LanceDB maps Grust's graph model to two Lance tables using Arrow batches and
the Rust SDK:

```text
Node id / label / props  -> row in grust_nodes
Edge key / endpoints     -> row in grust_edges
put_node / put_edge      -> merge_insert upsert
get_node / get_edges     -> SDK query filters
traverse                 -> repeated edge/node filters per IR step
```

`LanceDbGraphStore::connect()` opens a local or remote LanceDB URI,
`GraphAdminStore::bootstrap()` creates empty universal tables when needed, and
`clear()` drops and recreates them. Node IDs are the node upsert key. Edges use
an explicit edge ID when present and otherwise use `(from, label, to)` as a
stable key.
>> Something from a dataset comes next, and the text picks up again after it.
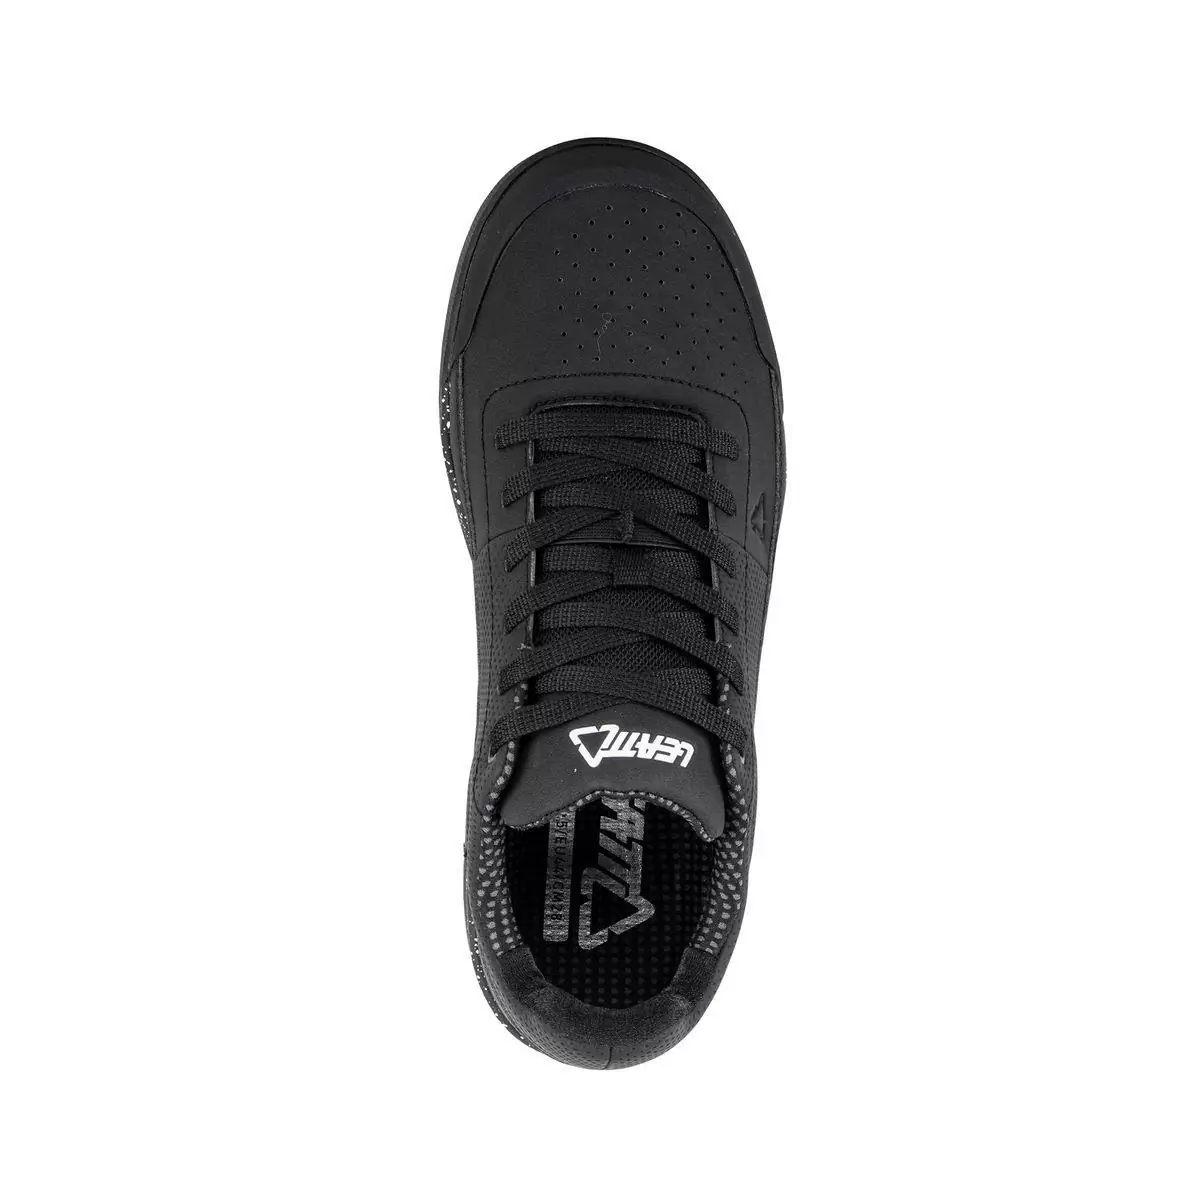 Mtb Shoes 2.0 Flat Black Size 45.5 #2

Properties are stored as JSON text for backend-neutral reads today;
typed property columns and vector indexes can be layered on through schema and
backend-specific extension traits later.

## Design Principles

- Keep graph data independent from database query languages.
- Make IDs explicit and stable.
- Treat edge properties as first-class data.
- Prefer typed values over ad hoc JSON strings.
- Keep schema optional.
- Keep traversal backend-neutral.
- Keep backend-specific capabilities as extension traits when they appear.
- Make the in-memory backend deterministic and boring, especially for tests.

## Status

Grust is pre-release.

Implemented:

- core property graph model
- typed IDs and labels
- typed property values
- graph builder
- schema structs
- traversal structs and fluent helpers
- async `GraphStore` trait
- CocoIndex-style graph export adapter
- in-memory backend
- FalkorDB, HelixDB, LanceDB, pgGraph, Sail, and SurrealDB backend crates

Planned:

- richer validation in `GraphBuilder`
- import/export helpers
- backend-specific schema lowering
- more traversal result shapes
- query and index helpers

## Development

Run the full test suite:

```sh
cargo test
```

Format the workspace:

```sh
cargo fmt
```

Run checks for all crates:

```sh
cargo check --workspace --all-targets
```

## License

Grust is dual-licensed under either of:

- Apache License, Version 2.0
- MIT license

Choose either license when using, modifying, or distributing Grust.